What is ETL and how to design your first data pipeline
ETL stands for Extract, Transform, Load — the process that moves data from several sources into an analytical destination. Understanding the three steps is the basis for building any data pipeline.
Prerequisites
- Knowledge of SQL and where your data lives (files, databases, APIs).
- A destination for the data (a data warehouse or analytical database).
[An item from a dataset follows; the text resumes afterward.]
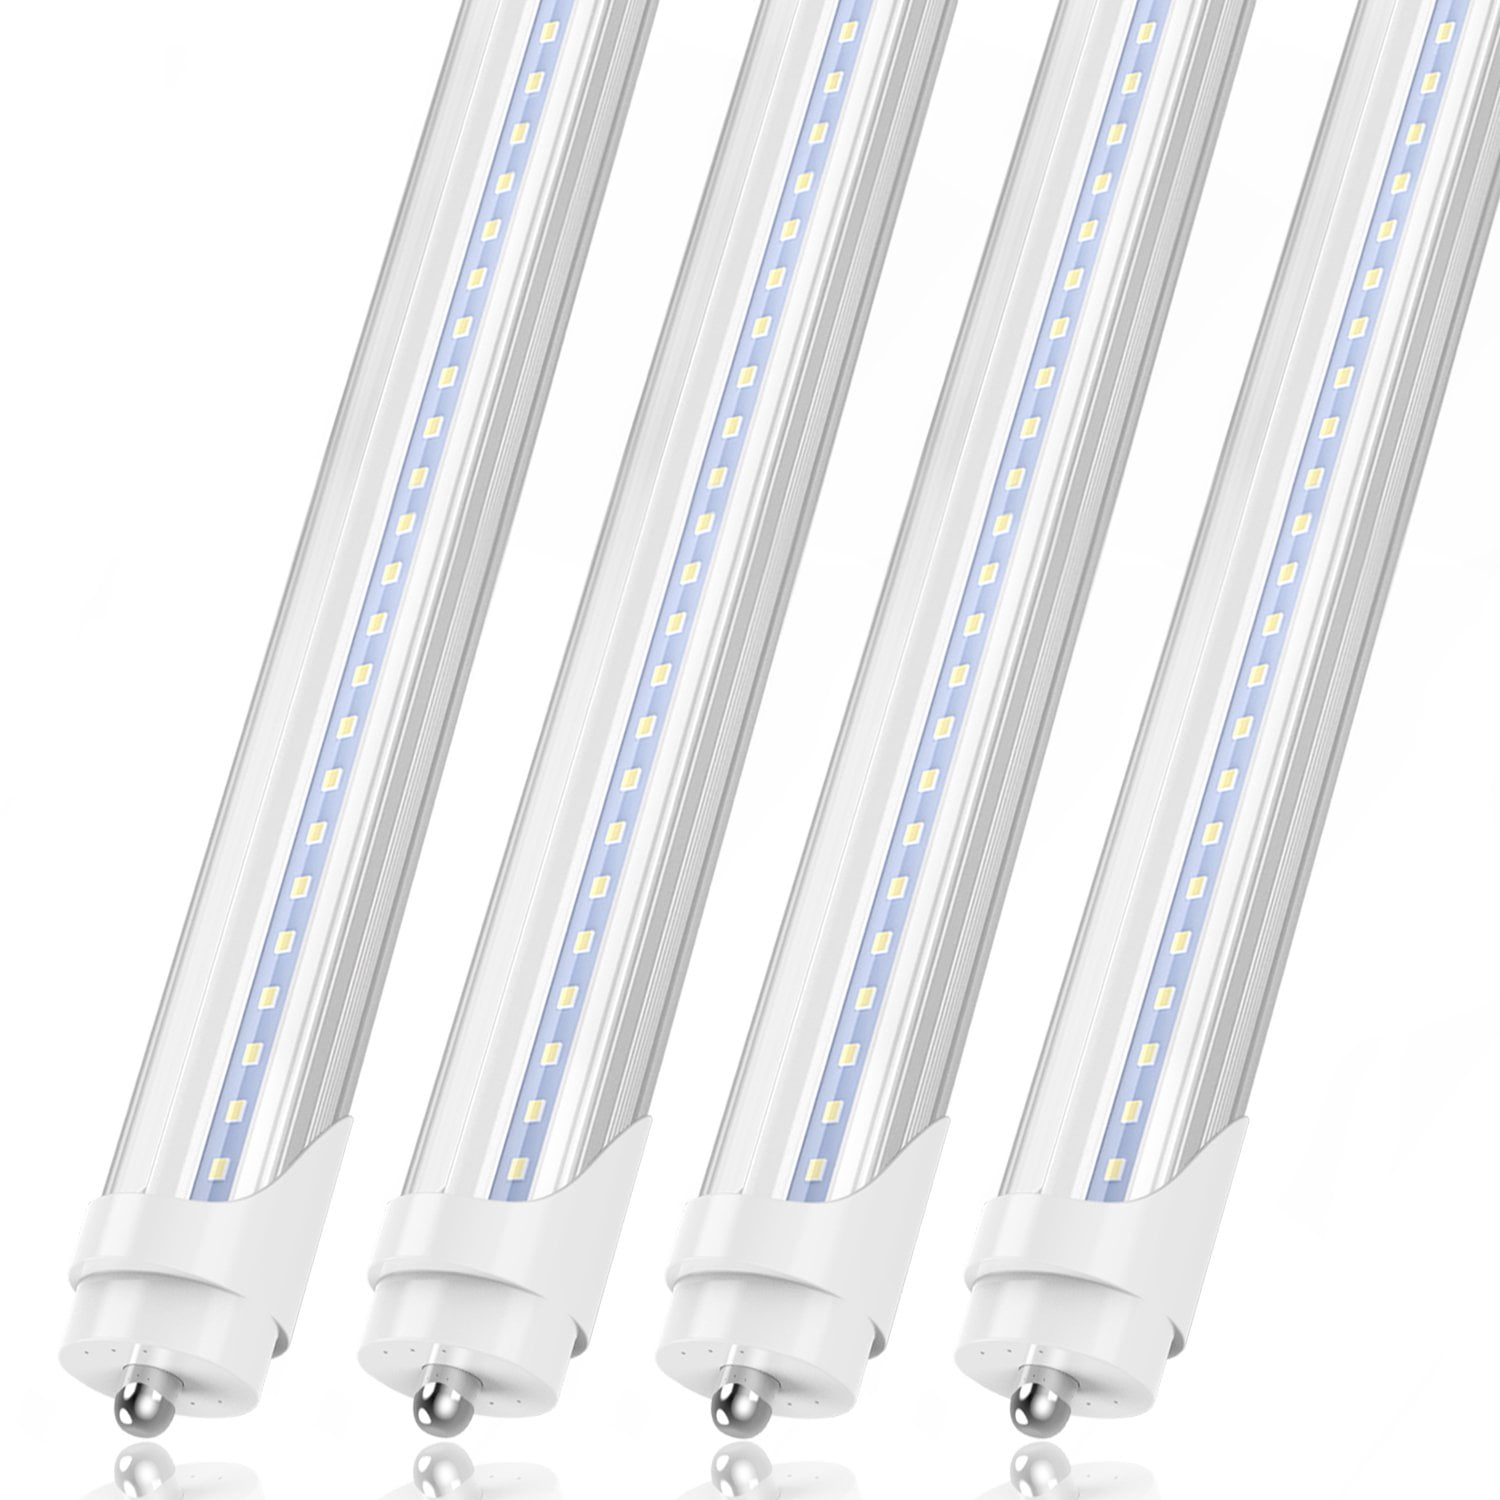 Details about   8FT LED Shop Light 65W 45W 8' LED Tube Light Bulbs FA8 T8 T12 Single Pin 8 Foot

- An ETL tool or a language such as Python.
Step 1: Extract
Read the data from the source as it is, without changing it. It can be a file, a table or an API:

SELECT id, cliente, valor, data
FROM origem.vendas
WHERE data >= '2023-01-01';
Step 2: Transform
Clean and adapt the data to the destination rules: fix types, remove duplicates, normalise text, compute columns. This is where most of the work lives.
Step 3: Load
Write the transformed data into the destination, usually incrementally (only what is new):
INSERT INTO dw.fact_vendas (cliente_key, valor, data_key)
SELECT cliente_key, valor, data_key
FROM staging.vendas_limpo;
Step 4: Orchestrate and schedule
A pipeline runs repeatedly. Schedule it (daily, hourly) and log each run so you know whether it succeeded.
Verify the result
Compare the row count in the source and the destination and check a few values by hand. The totals should match.
Conclusion
Extract, Transform, Load is a simple but powerful pattern. Once you master the basic flow, the next step is to make it incremental and monitored. Which data source will you integrate first?